The Maryland attorney general's office has asked the U.S. Supreme Court to review a ruling by the Court of Appeals about the way Maryland handles the taxation of out-of-state income that could cost counties $50 million a year.
Maryland provides credits for taxes that are paid to other states but does not extend those credits to the local portion of the state taxes that is used to partly fund counties and Baltimore. Brian and Karen Wynne, a Howard County couple, contested the second part of the law and the state's top court ruled this year that it violates the Commerce Clause of the U.S. Constitution.
In a petition to the U.S. Supreme Court, the attorney general's office said the nation's top court has long recognized the power of states to tax the entire income of their residents and called the Maryland high court's finding "unprecedented."
"The Constitution furnishes no basis for invalidating Maryland's long-standing tax system or casting doubt on the validity of similar regimes maintained in other states," the state's lawyers wrote in the filing.
An attorney for the Wynnes declined to comment on the petition.
Brian Wynne owned a stake in a medical supply business that operates around the country and is set up in such a way that its profits are treated as personal income. In his 2006 tax return, Wynne applied for credits on his portion of the company's income that was taxed elsewhere, but Maryland tax authorities said that he had underpaid, according to court documents.
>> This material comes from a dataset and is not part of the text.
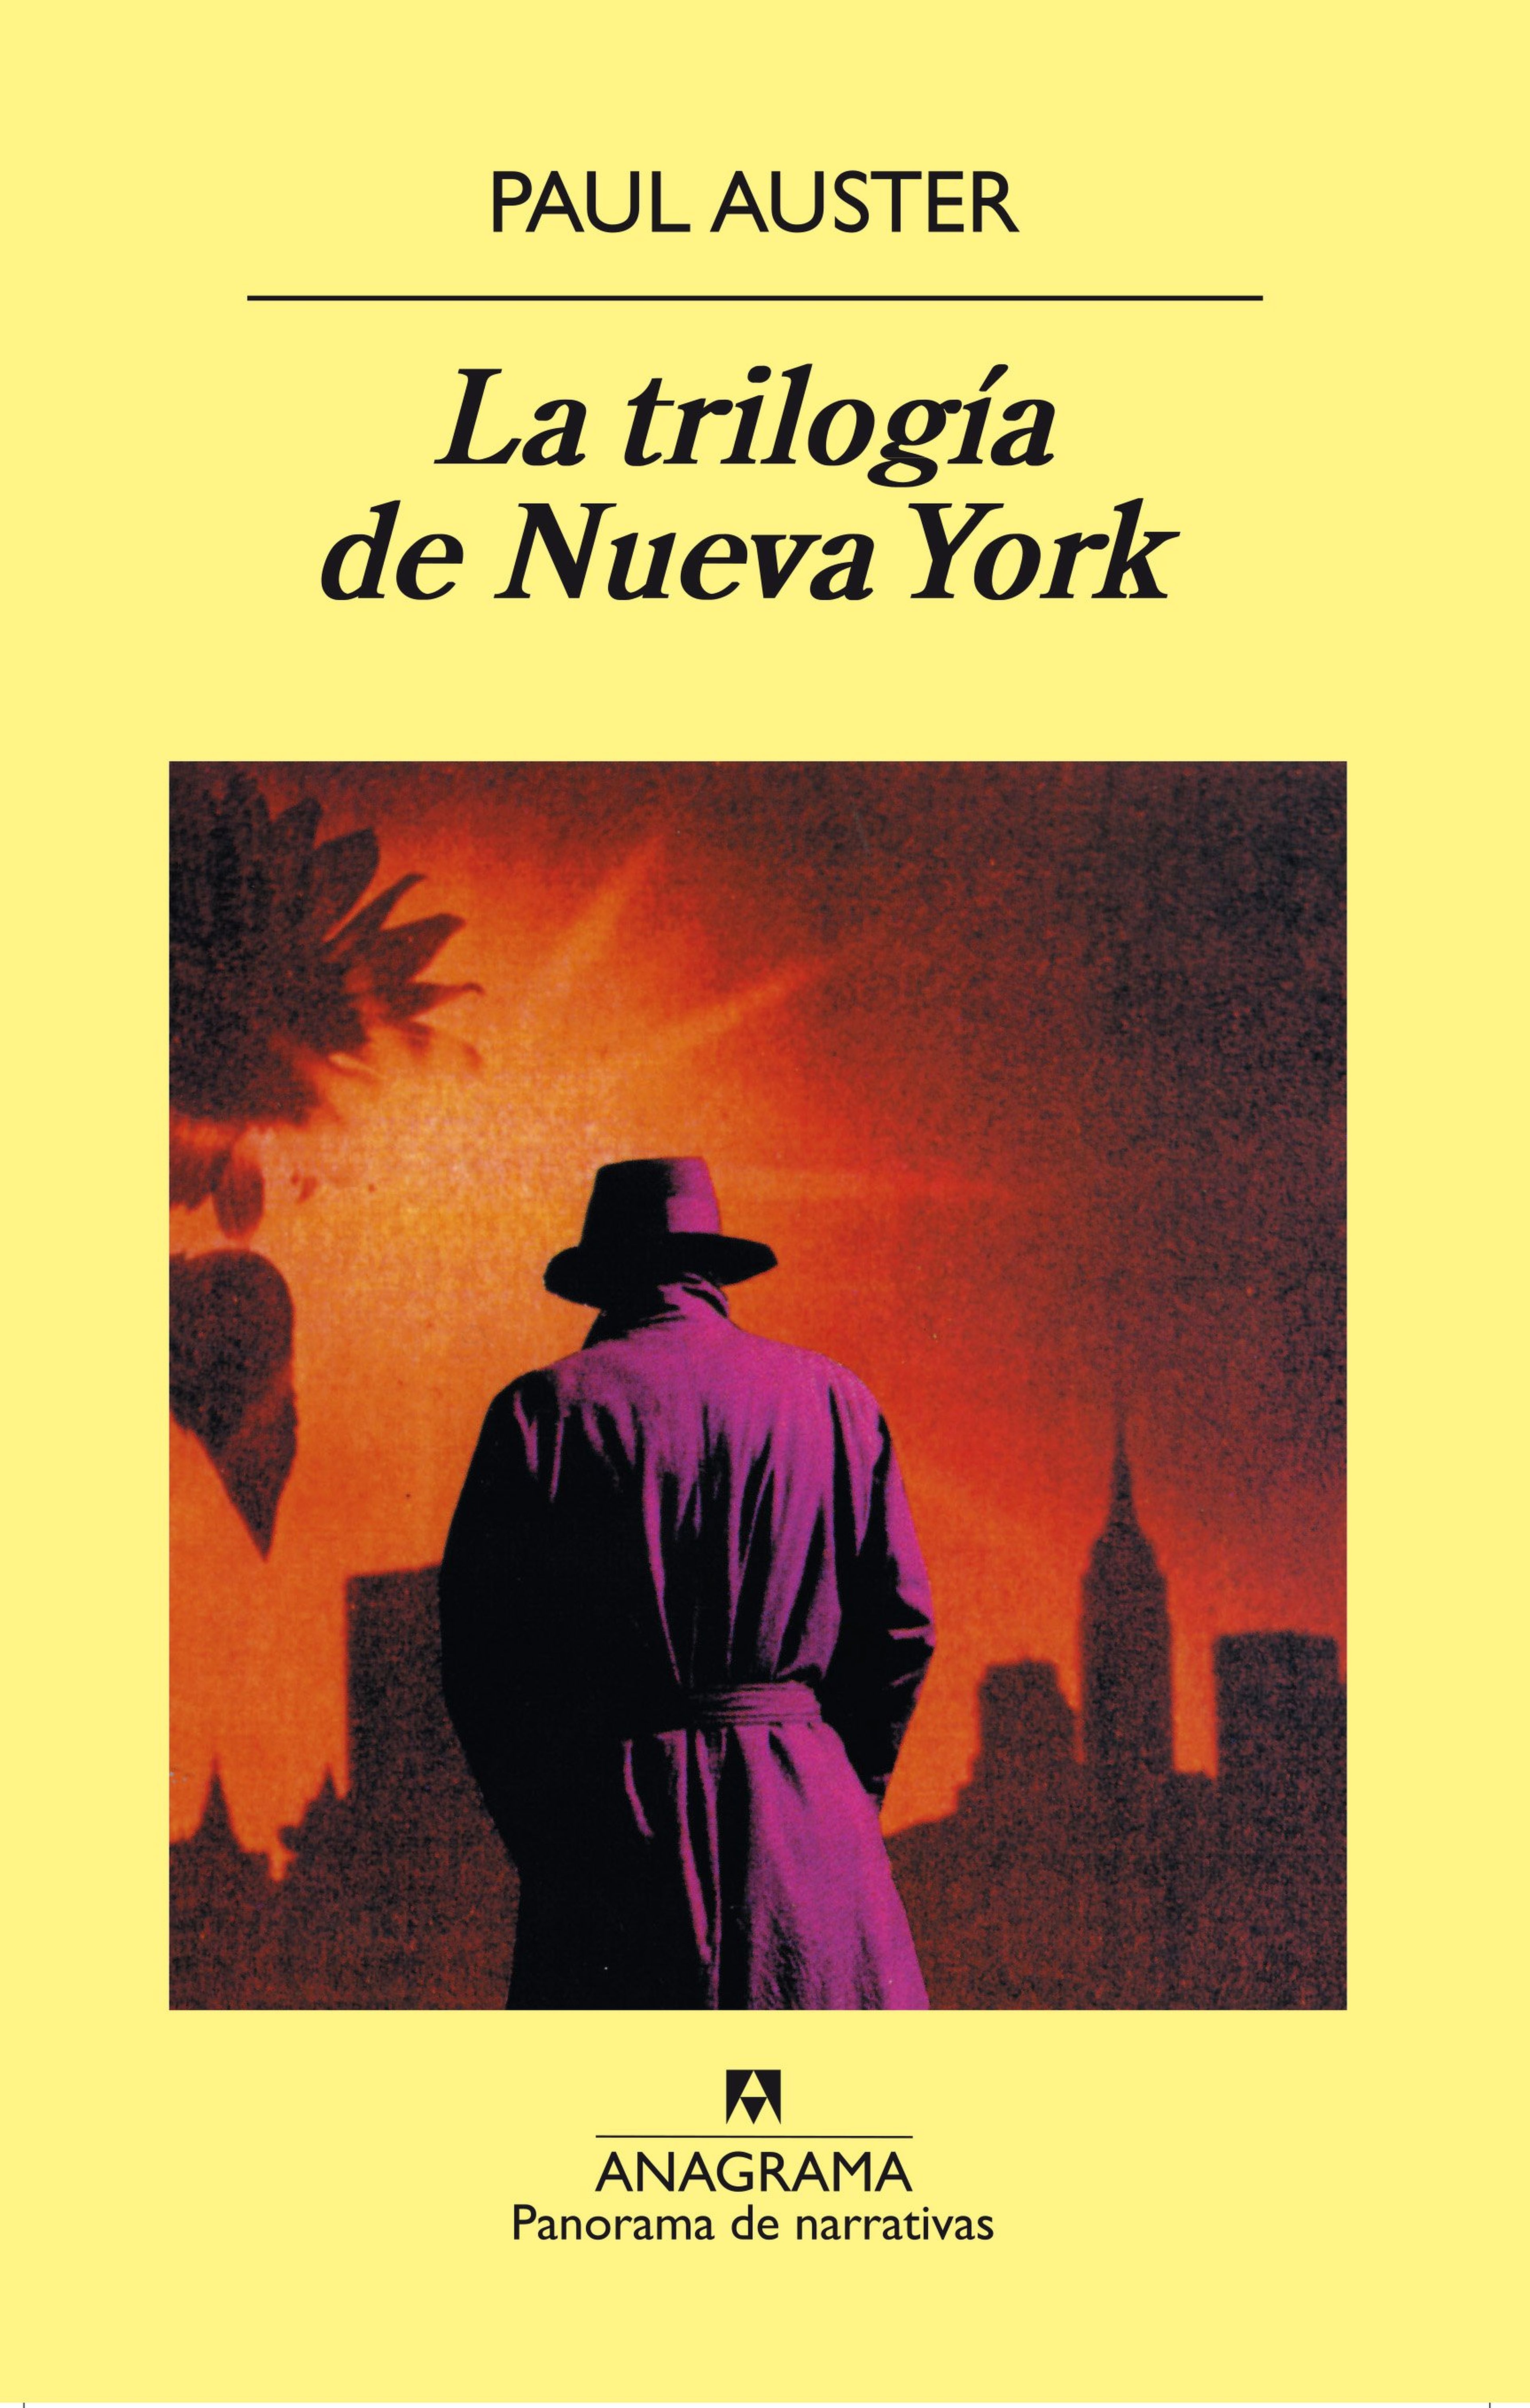 Muere Paul Auster, uno de los autores más prolíficos de nuestro tiempo que nos atrapó con La trilogía de Nueva York

Wynne contested that finding, sparking the lawsuit.
The Maryland Court of Appeals found in May that by not offering a credit for the local portion of the tax, the state's code could discourage corporations from doing business across state lines.
The tax system "may encourage Maryland residents to invest in purely local businesses, and discourage businesses from seeking to operate both in Maryland and in other states," Judge Robert J. McDonald wrote. "In effect, it acts as an extra tax on interstate income-earning activities."